Habiter le collectif comme un espace de plénitude
Symboliquement, R11 parle du collectif, de l’amitié vraie, de la fraternité, et de la manière de s’inscrire dans des groupes ou des réseaux. Le Monde y apporte une qualité de plénitude et d’harmonie : les liens s’organisent comme une constellation cohérente, où l’on peut circuler entre différents cercles sans perdre son centre. C’est la dynamique du « je suis chez moi dans plusieurs mondes », capable de faire le pont entre des univers, des disciplines, des cultures, des générations.
Cette combinaison suggère une aptitude à créer ou rejoindre des espaces inclusifs, intégrateurs, où les différences coexistent sans s’annuler. Le collectif devient alors moins un lieu de conflit entre individualisme et fusion, et davantage un champ d’orchestration où chacun occupe sa note singulière dans un ensemble plus vaste.
Subvertir les frontières plus que les règles
R11 peut être vue comme l’espace de la subversion des règles de la résidence 10 (ordre, pouvoir, institution), au service d’une liberté intérieure.
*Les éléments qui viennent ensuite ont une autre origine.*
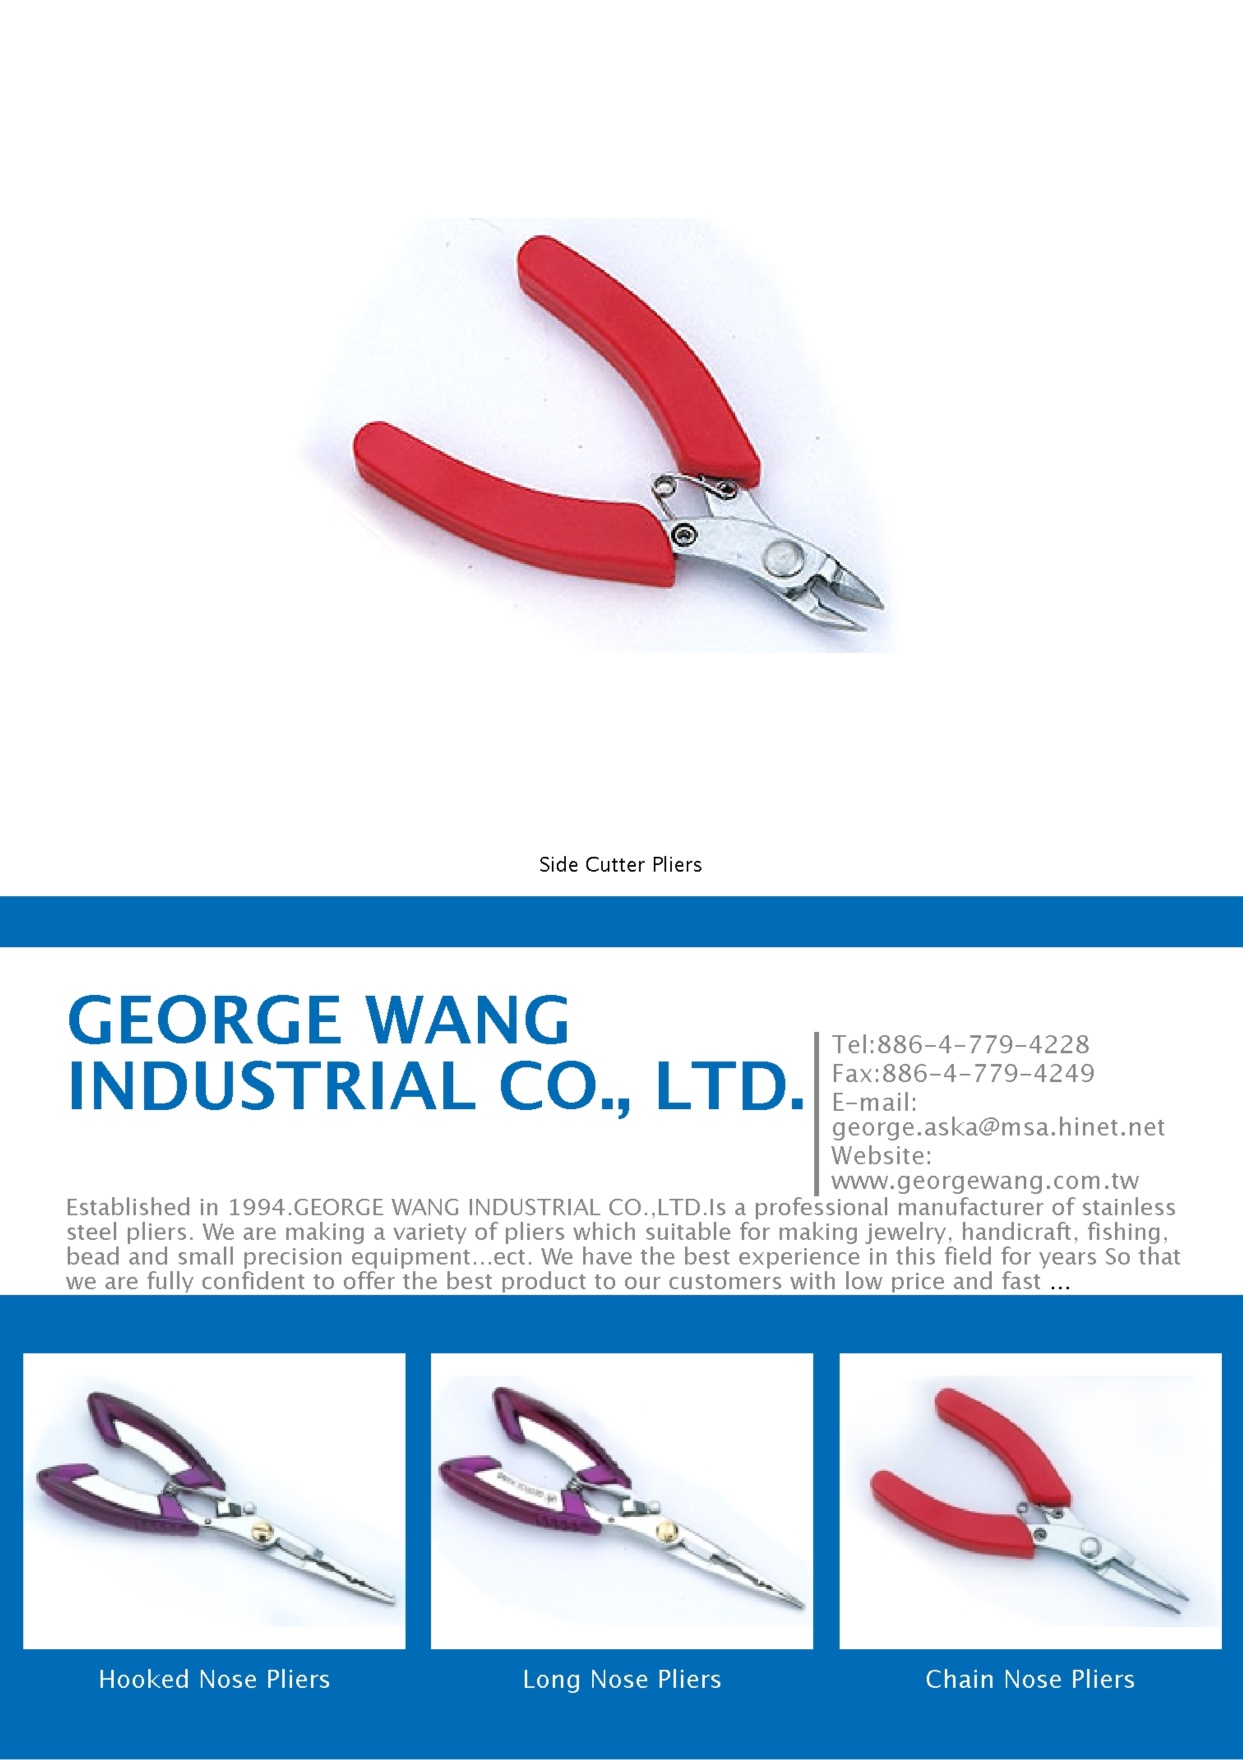 GEORGE WANG INDUSTRIAL CO., LTD.

Avec le Monde, cette subversion passe moins par l’affrontement avec l’autorité que par le dépassement des frontières : géographiques, sociales, symboliques. Il s’agit d’élargir les cadres plutôt que de seulement les contester : penser en réseaux internationaux, inter‑disciplinaires, trans‑milieux, mêlant causes, cultures et pratiques.
Psychologiquement, l’arcane soutient une identité plus fluide et plus vaste : on ne se limite pas à un seul clan, une seule étiquette, une seule appartenance. R11–Monde invite à explorer comment l’on peut être fidèle à soi tout en circulant entre plusieurs sphères, en jouant un rôle de passeur.
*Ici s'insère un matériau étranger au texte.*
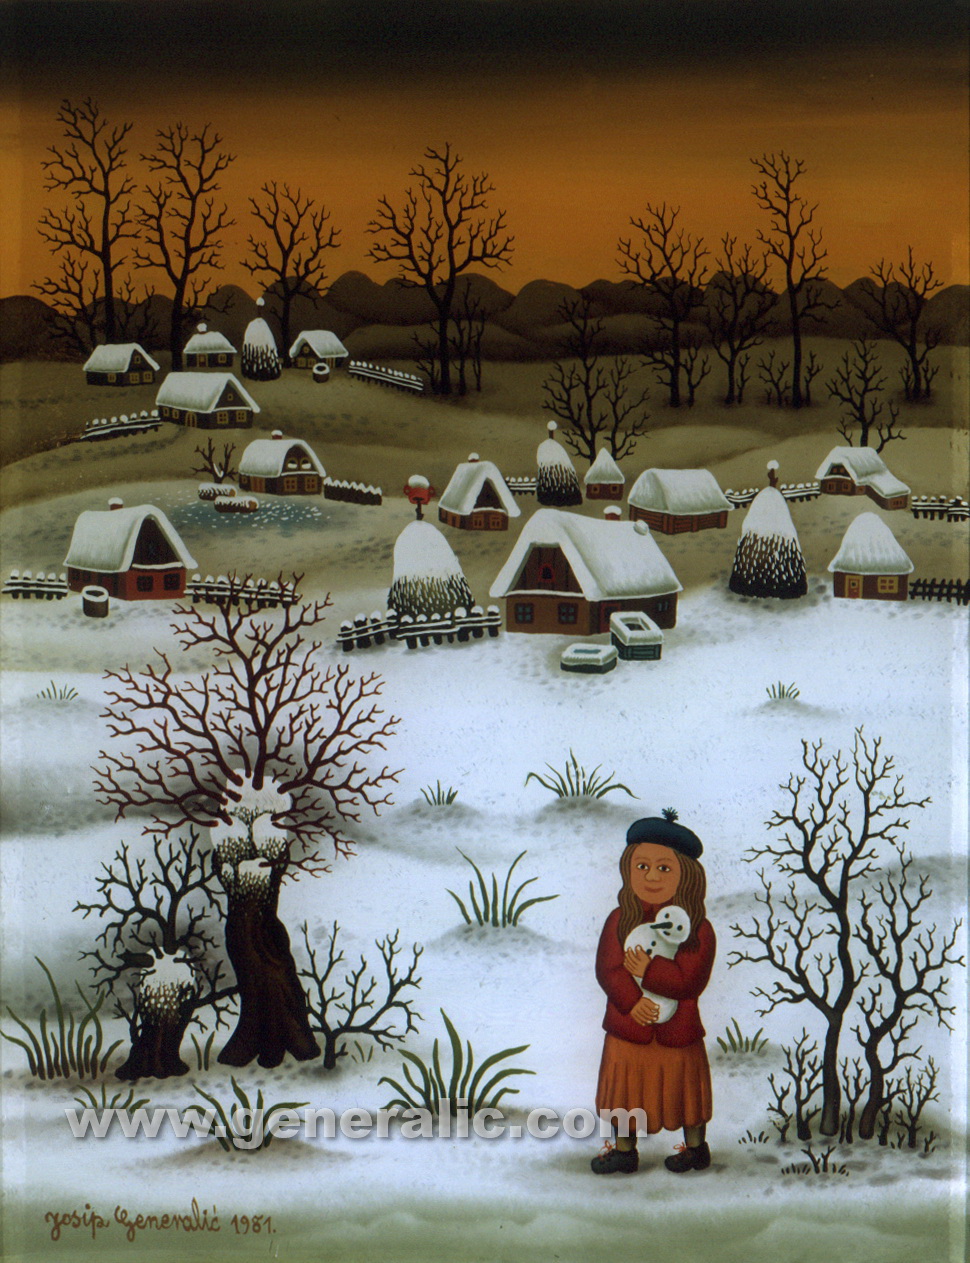 Josip Generalic, 1981, Girl with snowman, oil on glass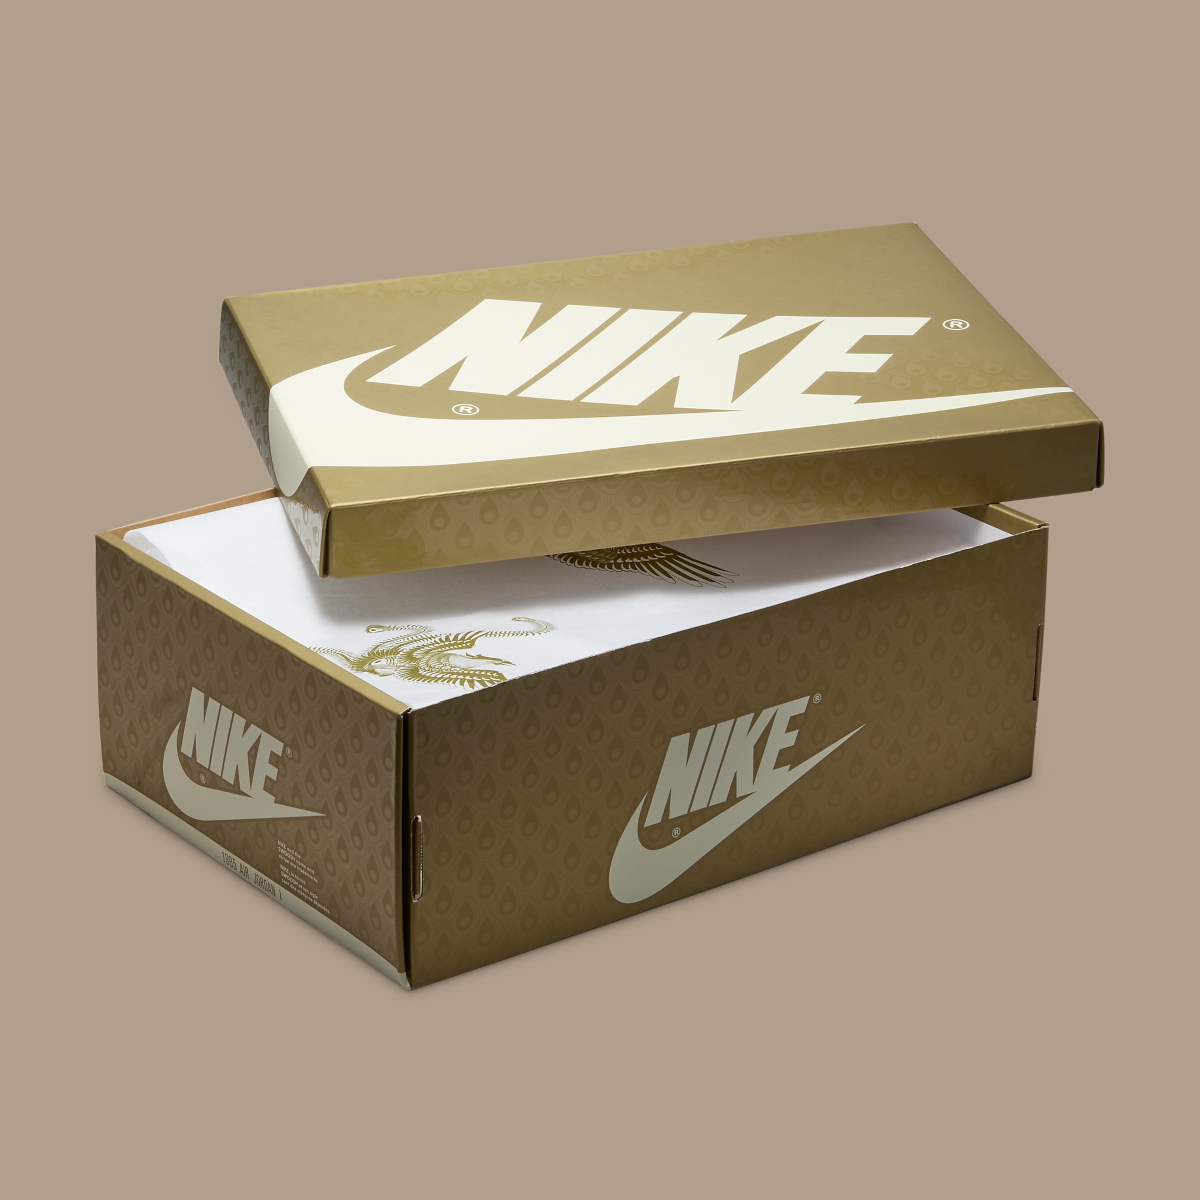 Nike Air Playoff Jordan has 1 Low Reverse Bred tatarischen Swoosh 2020 UK Größe 10.5

Transformer la marginalisation en appartenance élargie
R11 peut révéler des blessures de rejet ou d’exclusion et la difficulté à trouver sa place dans un groupe. Avec le Monde, la réponse n’est pas de se fondre pour être accepté, mais de reconnaître que sa place se situe peut‑être à l’intersection de plusieurs collectifs plutôt qu’au cœur d’un seul. L’impression d’avoir été « trop » pour certains milieux peut se transformer en capacité à évoluer dans des espaces plus ouverts, plus diversifiés, plus alignés sur sa complexité.
Cette combinaison favorise une réconciliation avec l’idée d’appartenance : on peut se sentir membre de l’humanité, d’un mouvement global, d’un champ de conscience partagé, même si l’on n’a jamais tout à fait collé à un groupe spécifique. R11–Monde valorise ainsi une singularité qui trouve enfin le réseau adéquat pour s’épanouir.
Intégrer les héritages d’utopie à l’échelle transgénérationnelle
R11 porte les rêves non accomplis de la lignée, les utopies étouffées, les projets abandonnés. Avec le Monde, ces héritages prennent la forme d’un mouvement d’intégration : il s’agit moins de réparer un à un les manques du passé que de reconnaître l’ensemble du chemin parcouru par la lignée dans son rapport au collectif, à la société, au monde. Il peut être question d’ancêtres qui ont migré, changé de classe sociale, de pays, de culture, ou qui ont cherché à élargir l’horizon familial.
Transgénérationnellement, cette configuration invite à honorer ces mouvements d’ouverture, même s’ils ont été douloureux ou inachevés. R11–Monde propose d’assumer consciemment cette vocation à vivre « en lien avec le monde », plutôt qu’à rester enfermé dans un clan ou une identité restreint.
Assumer une contribution globale et incarnée
Enfin, la combinaison R11–Monde met l’accent sur une contribution qui relie vision globale et ancrage concret. Cela peut se traduire par des projets qui touchent à l’international, à l’interculturel, à l’écologie, à la circulation des savoirs, à la coopération entre réseaux, ou à des communautés en ligne aux frontières souples.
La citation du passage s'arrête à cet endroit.